Ludwig: “But, Master….”
Mad Film Critic: “A new brain, Ludwig! And it must be a fresh one this time! This review is dead—we must give it life!!!”
Ludwig: “Fresh brains are not easy to come by, Master. Can’t I just steal a few juicy paragraphs from Roger Eb—“
Mad Film Critic: “Silence, you fool! I have delved too deeply into the mysteries of movies to turn back now. My readers know too much. They will destroy me if I cannot enthrall them!”
Ludwig: “You mean….?”
Mad Film Critic: “You think I’m mad. Ha, ha, ha!! Perhaps I am, but I must feed the hunger I have created! One more brain, Ludwig, and the Ultimate Review will be mine! You and I have gone too far to stop now!!”
Ludwig: “I warned you, Master. Rent Riverdance, I said. But noooo, you had to watch Bride of Frankenstein. Yes, yes, get the brain, get the brain….”
With the astounding success of the recent independent film The Blair Witch Project, which cost $30,000 to make and has pulled in over 100 million dollars in North America alone, horror films are back in the spotlight. Blair Witch represents one unhallowed extreme of the genre: ultra low-budget cinéma-verité that chills the spine because the horror seems as close as one’s neighbour and her (or his) camcorder. Their pseudo-realism insinuates them behind our defenses. Watching these films is like finding a big snake curled up in your car seat or outside your front door—you know it’s probably harmless, but try telling that to your imagination. In the best of the low-budget shockers no one is ever safe. No one has told the monsters they have to lose by the closing credits. The classic creep-outs include George Romero’s The Night of the Living Dead (1968) and Jacques Tourneur’s I Walked With a Zombie (1943).

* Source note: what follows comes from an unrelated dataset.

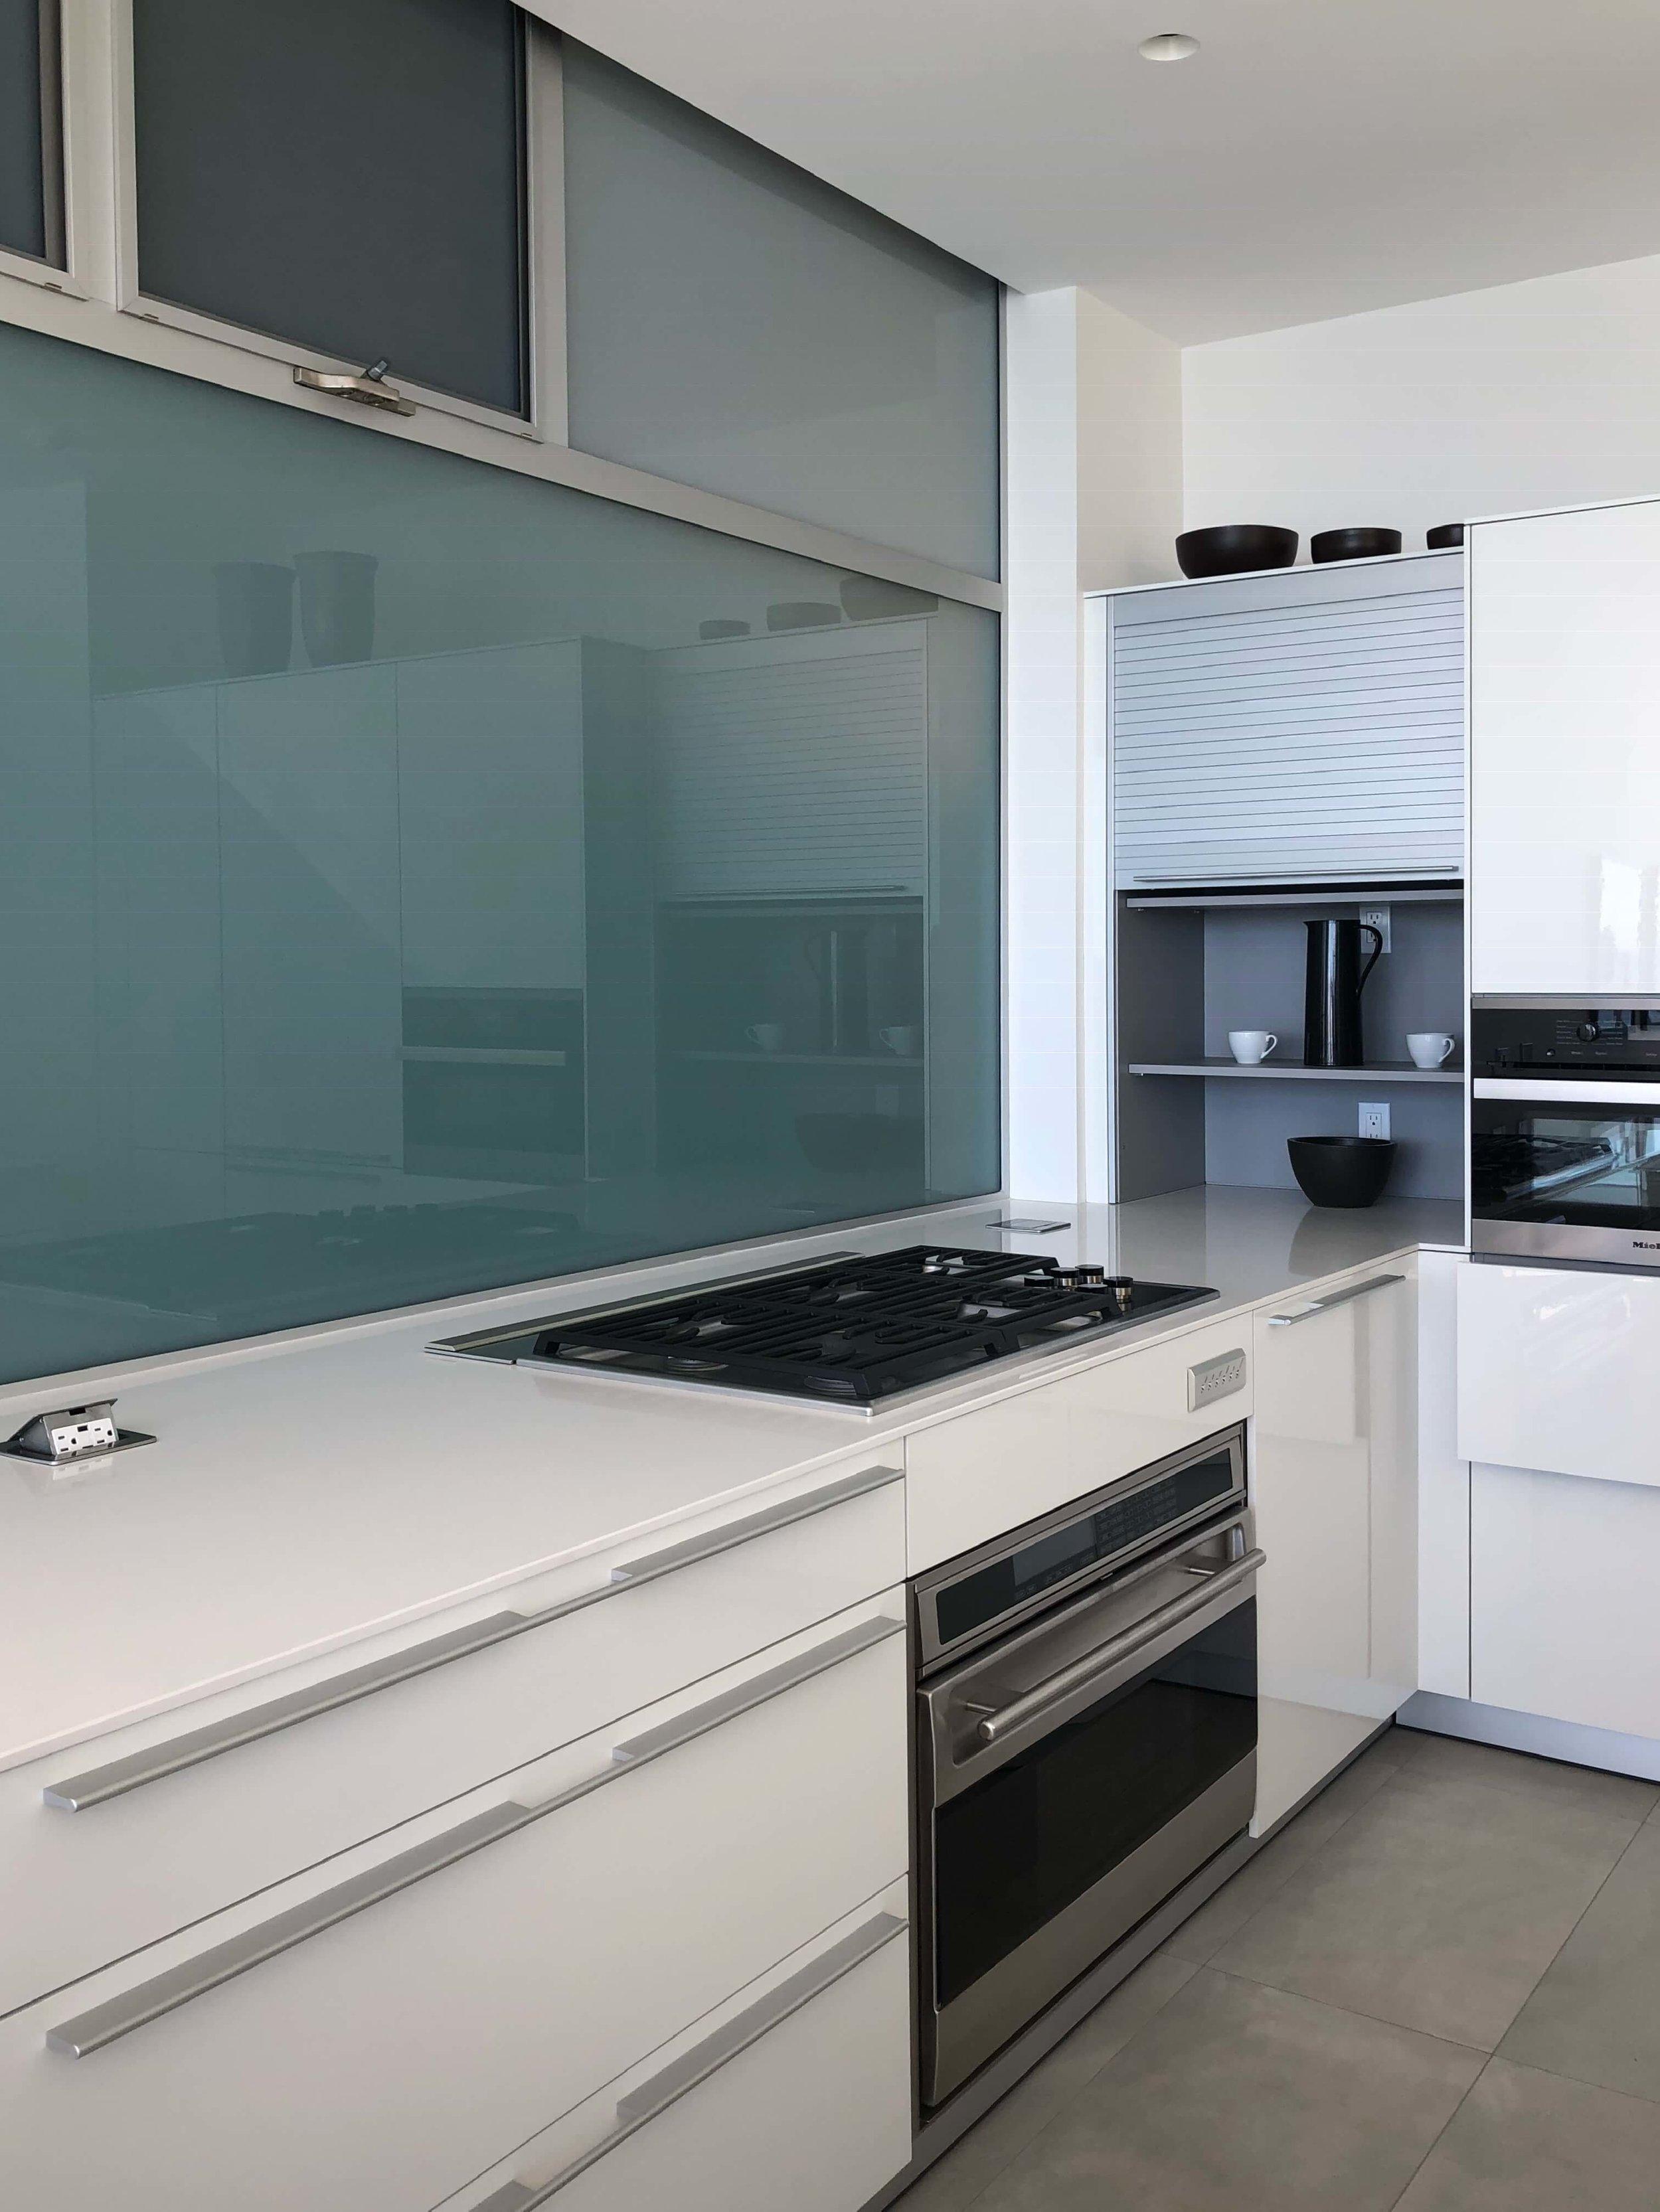 Malibu Home Tour, Dwell on Design, Architect Lorcan O'Herlihy #contemporaryarchitecture

At the other extreme is the horror extravaganza, where the 1933 King Kong and 1935 Bride of Frankenstein reign supreme. James Whale’s second attempt at telling the Frankenstein story (his first, the silent Frankenstein, had been made four years earlier) is a triumph of wit, pathos, excess and style over common sense. Whale had the full resources of the Universal Studios at his disposal. The invention of sound film put a powerful new tool in his arsenal. Whale’s only advice to his actors and his crew must have been “More! More!”
Ironically, beneath Bride’s camp humor is probably the most faithful treatment of Mary Shelley’s masterpiece ever put on screen. In the novel (written when Shelley was 19!), the monster is one of the great anti-heroes of Romantic literature. He learns to speak, and the scenes where he confronts his creator are astonishingly prophetic of the scientific age which would give birth to the atomic bomb and eugenics experiments.
Bride of Frankenstein, while still playing fast and loose with Shelley’s plot, gives us the greatest Frankenstein’s monster in movie history. Boris Karloff reprised his original role. Although he originally objected to having the monster speak, Whale insisted. With a 44-word vocabulary derived from a Universal acting manual for child actors, Karloff’s speeches are a far cry from the epic Shakespearean monologues of Mary’s monster. No matter. Karloff manages to put more emotional weight into fewer words than any actor before or since. When he dreams of a companion and says “Woman…friend….wife” each of those words resonates. He is the ultimate outcast, a figure of tragedy and horror but never of ridicule. At one point, he is almost literally crucified by a village mob. His last despairing words—“We belong dead!”—are deservedly immortal.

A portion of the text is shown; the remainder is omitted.